Most everything we did order hit the spot. There was a block of cold tofu topped with sweet seaweed and salmon roe, equal parts briny and refreshing. There was a big bowl of fried chicken skin (at $10, the deal of the night), as immaculately crunchy as the wonton strips they serve at Americanized Chinese restaurants, which was the ideal match for cold beer. There were hand rolls piled high with grilled eel and ponzu-kissed raw yellowtail. Our favorite was a bowl of udon carbonara topped with bonito flakes and spicy, bright-orange cod roe — a creamy, buttery taste of the sea.

We finished with a grilled rice ball that had been brushed with a sweet soy sauce glaze and cooked over hot charcoal until it was smoky and crunchy and perfectly golden-brown: an elite-tier final bite.

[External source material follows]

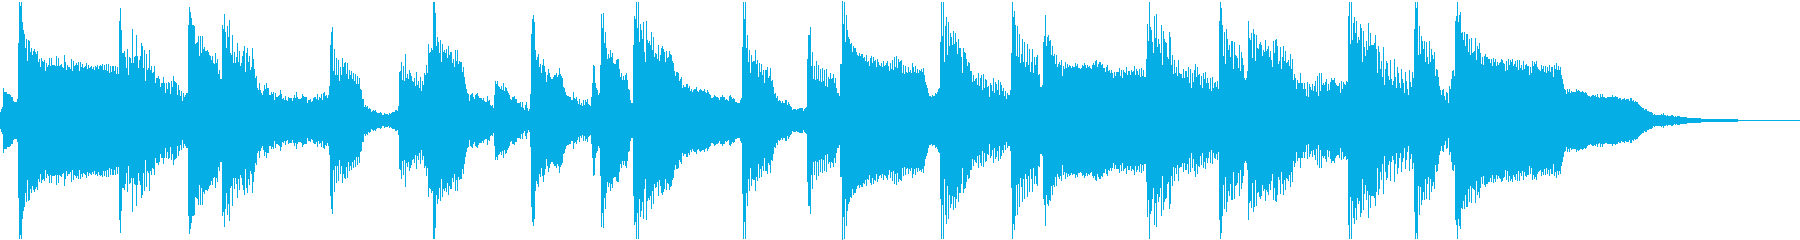 ケルト_わびしいジングル の再生済みの波形

Kinda is also the rare Bay Area restaurant that feels tailor-made for a solo (midnight) diner — where you can swing by after work, grab a seat at the bar, order a couple of cold appetizers and a plate of mentaiko pasta, and feel completely comfortable and unhurried. I think we can all toast to that.


Kinda Izakaya is open Monday through Thursday 5:30–11 p.m. and Friday to Saturday 5:30 p.m.–midnight at 1941 University Ave. in Berkeley.